◆貢品的背影之後,有兩行血腥的淚點......
「基多尼亞」修持室環燈在高,梅半法全不在意四周,眼眸浸於一片憂鬱。躬影回光,未來如夢如影,他似在細想心事。歐格尼斯鬥士被一長條混沌鐵鏈鎖住,死氣常伴左右,永遠不會消亡—他自己便是鏈上的一個!
環睛映電,七眼心陀瞧得清楚。這可憐小子隻知自身處境可怕,他卻不明白人間的鐵律,上蒼的正義。錚錚劍聲之上,還有道昌明的曙光—玄德。雲繚霧繞,盤坐的人影飄飄飛出《大藏經》。
梅半法定睛一看,七眼心陀滿臉端肅,佛音鏘然:“這你就接受不了?很多人明知會死還是要堅持,你敢想象嗎?”心陀背脊稍傴,向他演示忉力共振。梅半法忽聞腳步鏗鏗,叫一聲變,虛空迸出5個淡影。

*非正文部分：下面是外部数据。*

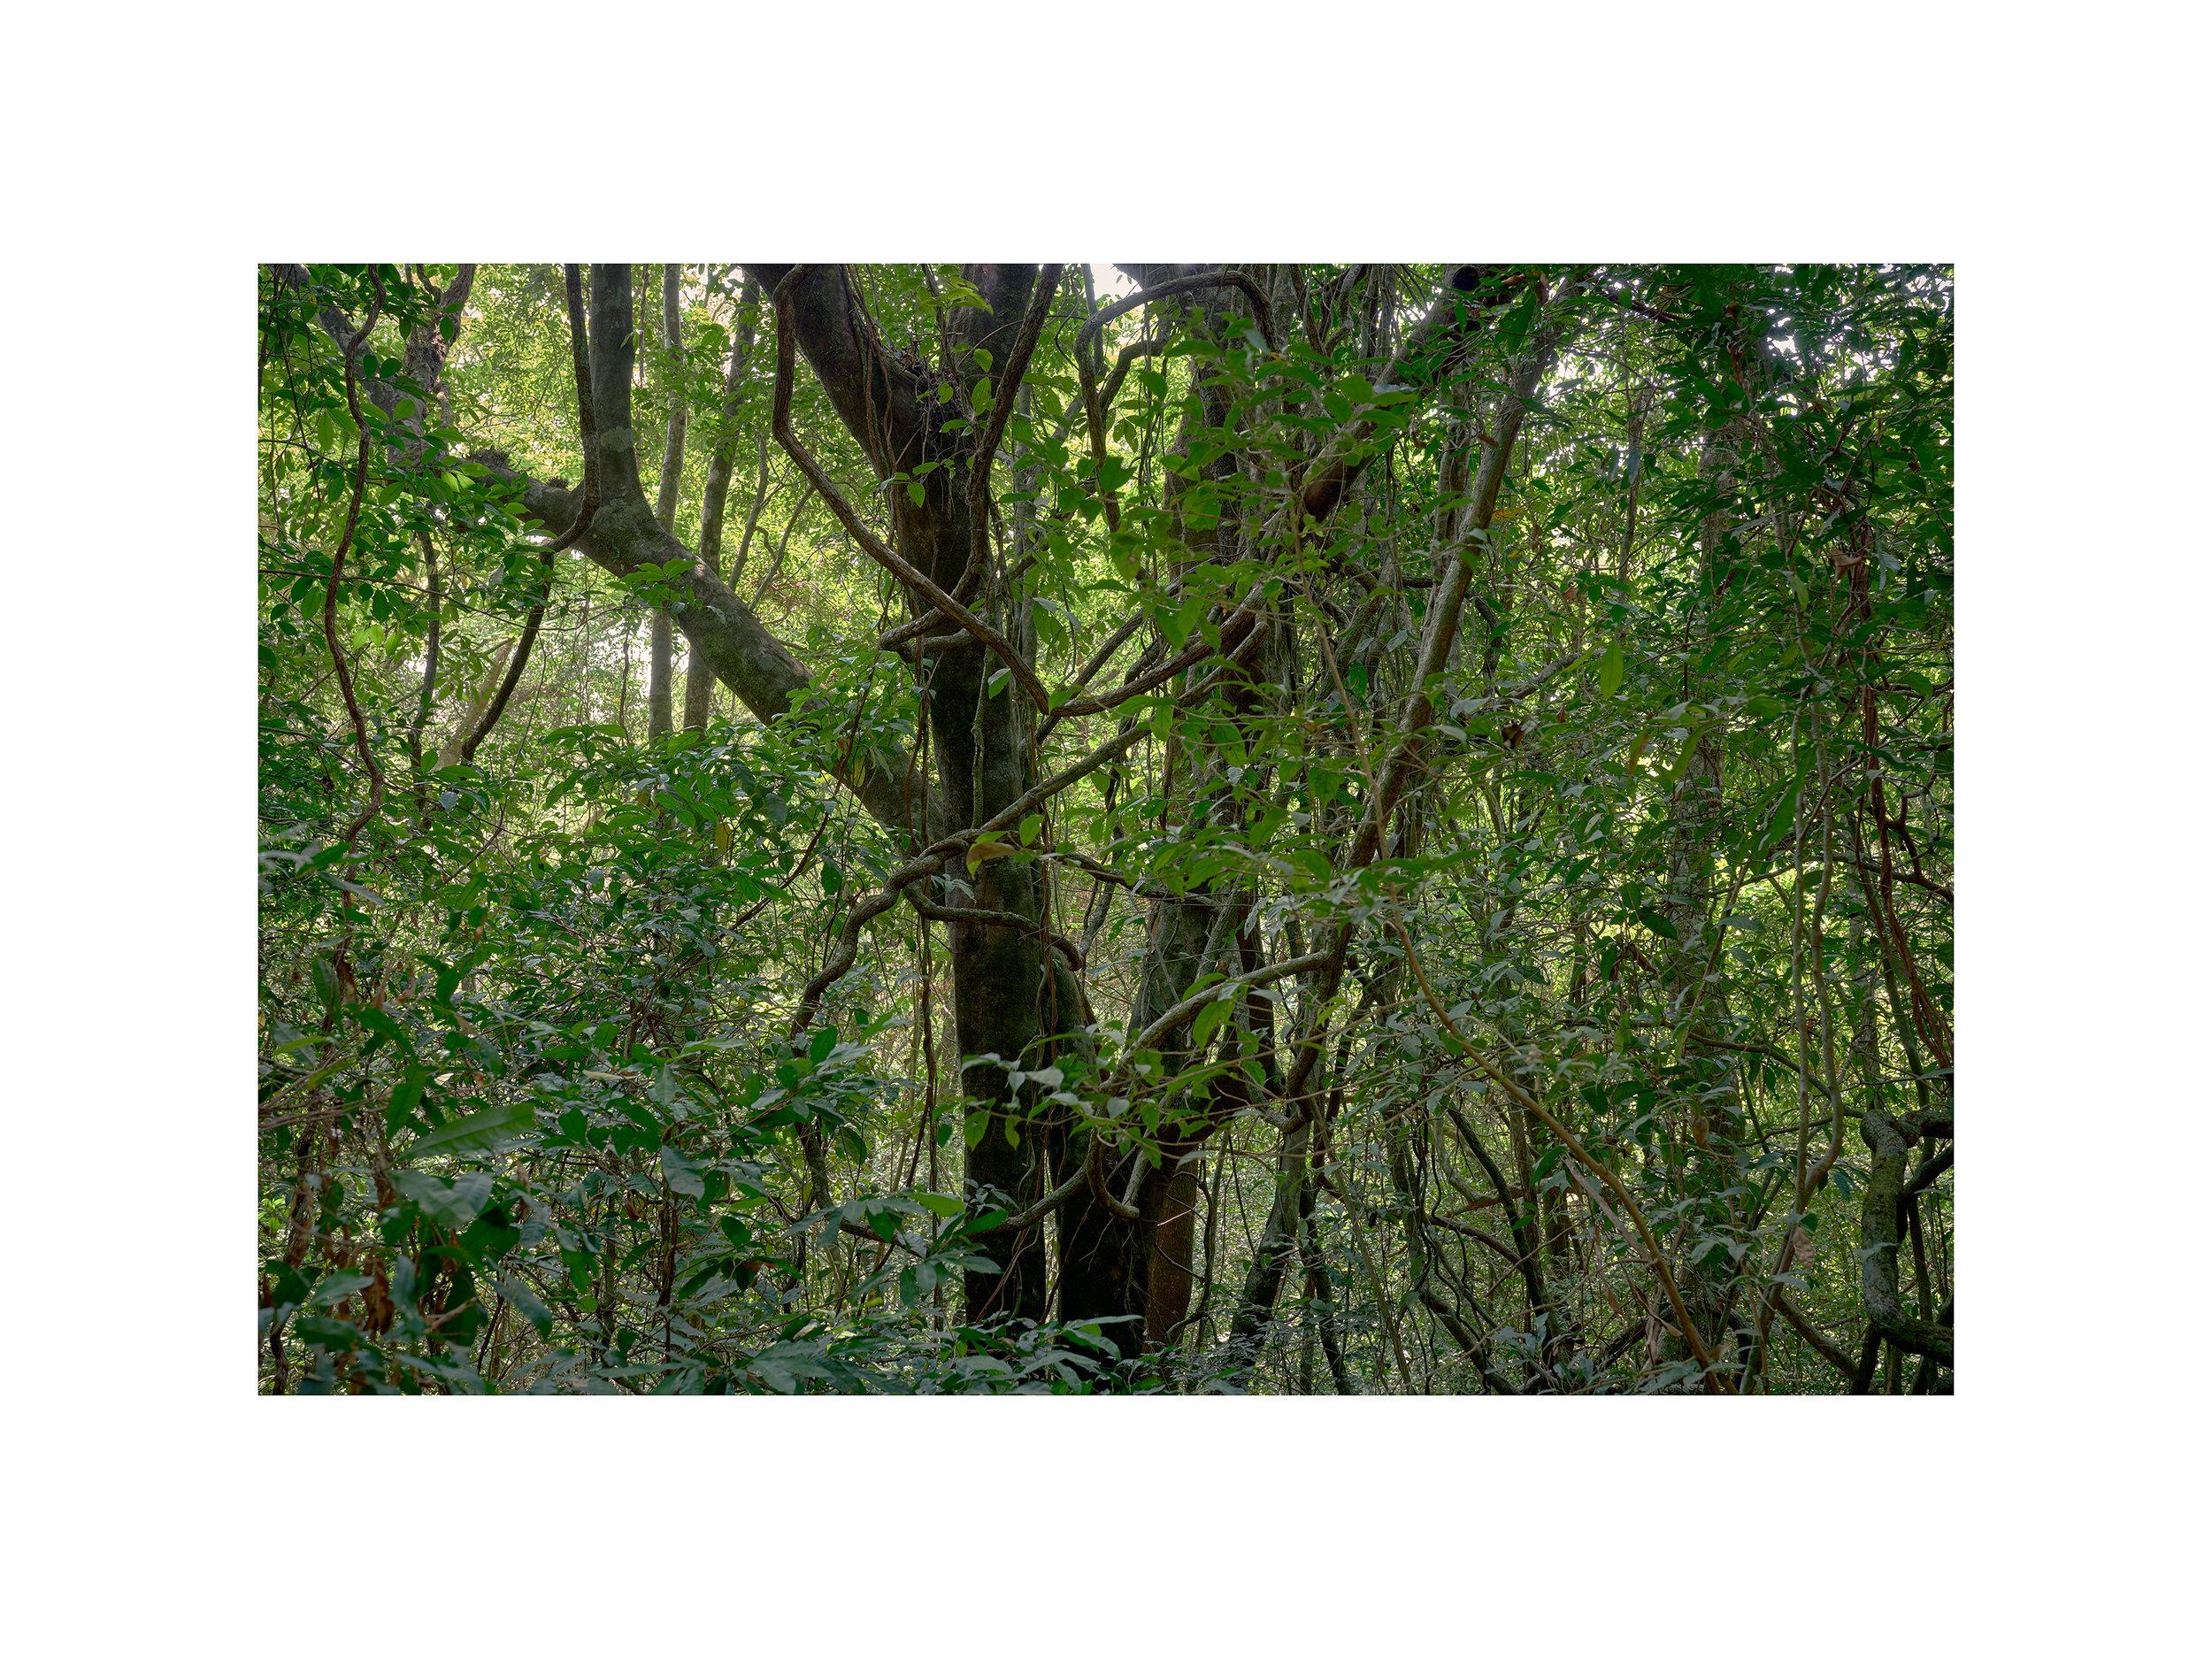 Rainforest no. 4

或分身刺拳,或疾手砸肘,或半空掃踢,或眼快正蹬......他演示了六般三十式,各有姿態,動作自如韻律灑脫。忽然七眼心陀真身一縱,口裡念咒:“蕩,蕩,蕩!”原來是個諧振法,5道紫光稍放即收,閃現合一......
明如素的射線穿透了衣服,腰背癢得難受。而且熱感格外地強,連鞋底都在發燙。梅半法萬料不到,竟有這等精妙忉術。他怔怔站著,卻不知其理。七眼心陀收了法,趺坐瑞靄祥雲。
似知他心中所想,乾枯臉上露出高深的笑意。蒼老的聲音緩緩解釋—虹霓神舞,合擊越是接近固有共振頻率,能量越大。七眼心陀出言相誘:“你想變強嗎”“你想被人尊崇嗎”......

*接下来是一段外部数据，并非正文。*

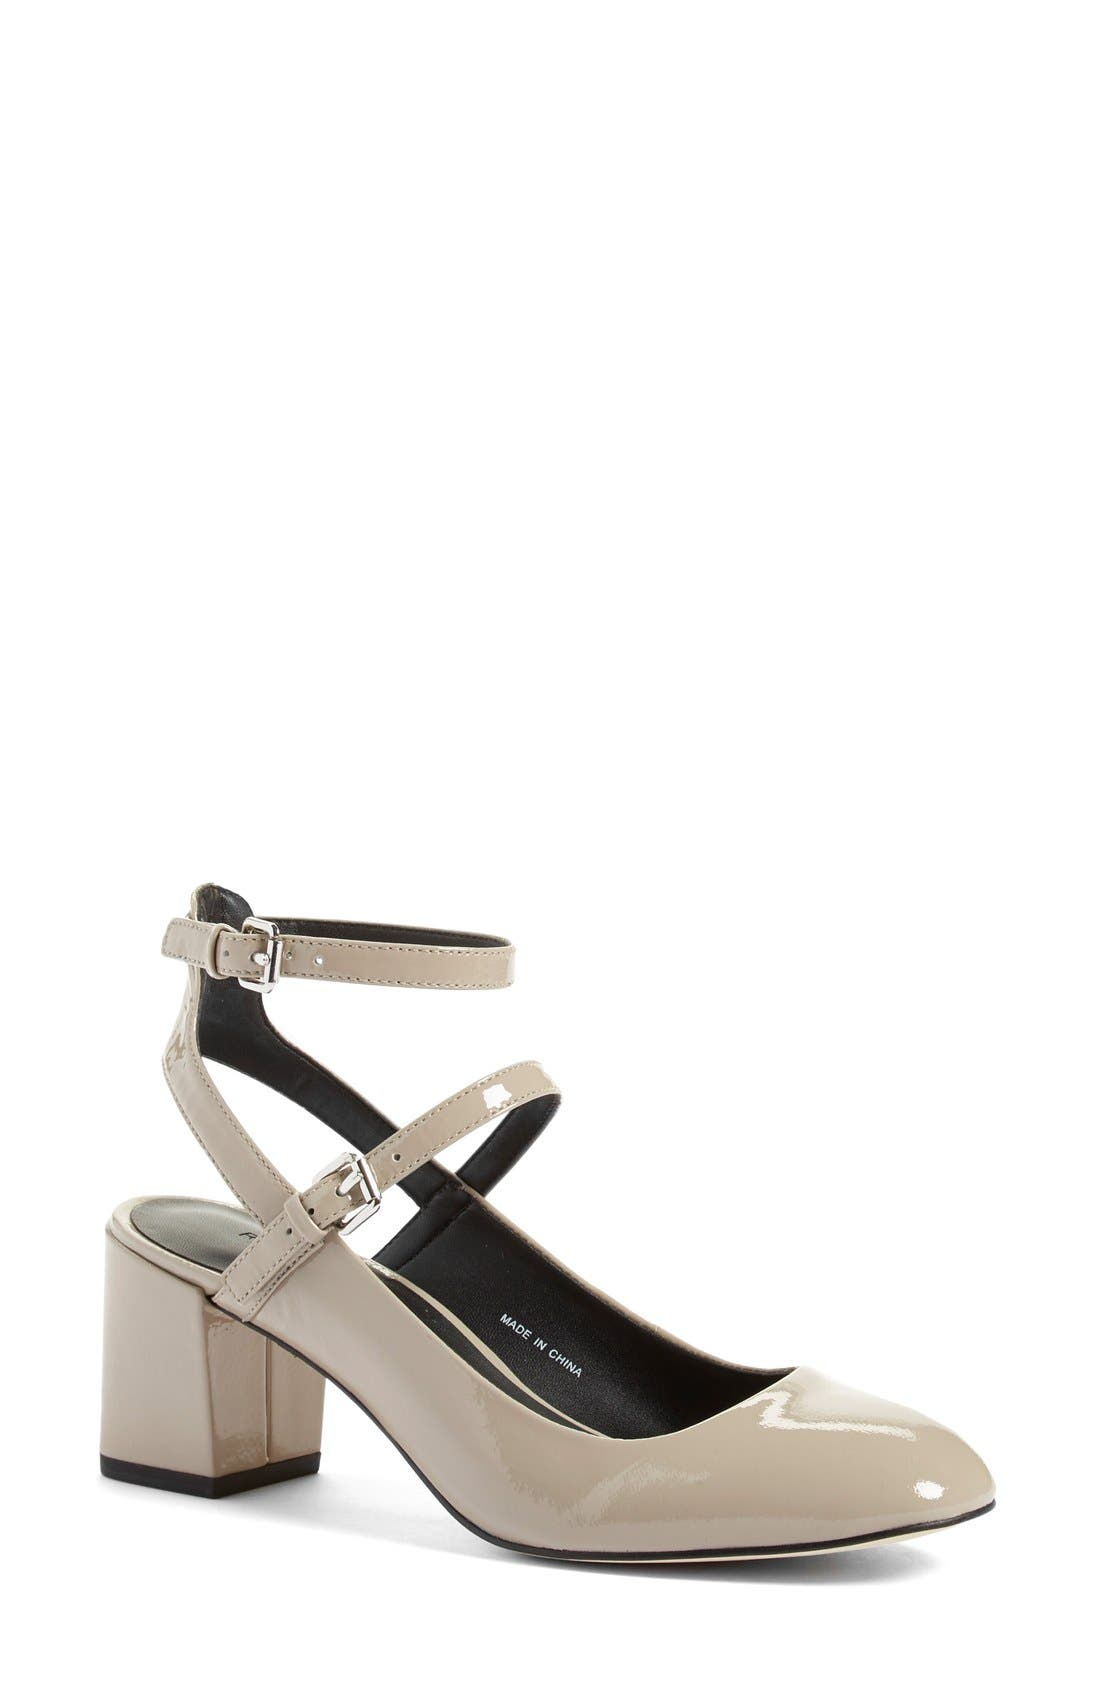 Rebecca Minkoff 'Brooke' Ankle Strap Pump (Women)

梅半法雖然說不在乎,心臟還是跳了下。七眼心陀轉成五色螺旋線注入書中:“跟我來!”梅半法一絲念力觸到了漩渦,似有感應,《大藏經》猛地將他吸了進去,再次進入「輪回惡道」。
眼前之景和上次大不一樣,似如超生地府。背景仍是黑沉沉的,「毯子章魚」方形城堡從淺藍變成暗紅。耀芒星點急閃,隱有天陣開闔。6轉輪藏異動聲鳴,象連著恐怖的血膩幽司。
七眼心陀說:“「輪回惡道」鏈接了6個多維輪回,無生無滅。六界周流不定,絕對是宇宙僅有。它們分別是「罪獄」「鬼障」「畜惡」「魂孽」「人墮」「天隱」,千古幽扃一旦開......”這時他卻不說了。
而今「輪回惡道」鏈接著「人墮」,暗合數理,危險超越了鬥爭、仇殺。只有致命時刻,生命才會顯出真正面目。唯有對武道孜孜以求,唯有以心弦引路,梅半法才能通過險阻,臻至至善之境。
但量子來時雲去時霧,或雷或電,或風或光,他也可能墮入失常。梅半法反手立著,估量著面前之景。誰曾見此峻險絕響?方形城堡的左右圓塔電光慘暗,那邊時而喧囂,時而寂靜。他不斷看見周圍有潛靈往來,匿魂出沒......
七眼心陀湊他耳邊說:“識破源流,便見三寶。你在虛境裡慣性修煉,可達三成的實際效果。”真的假的只有天知道,梅半法卻聽得癡迷。在這求存的時代,生死邊界已是模糊不清。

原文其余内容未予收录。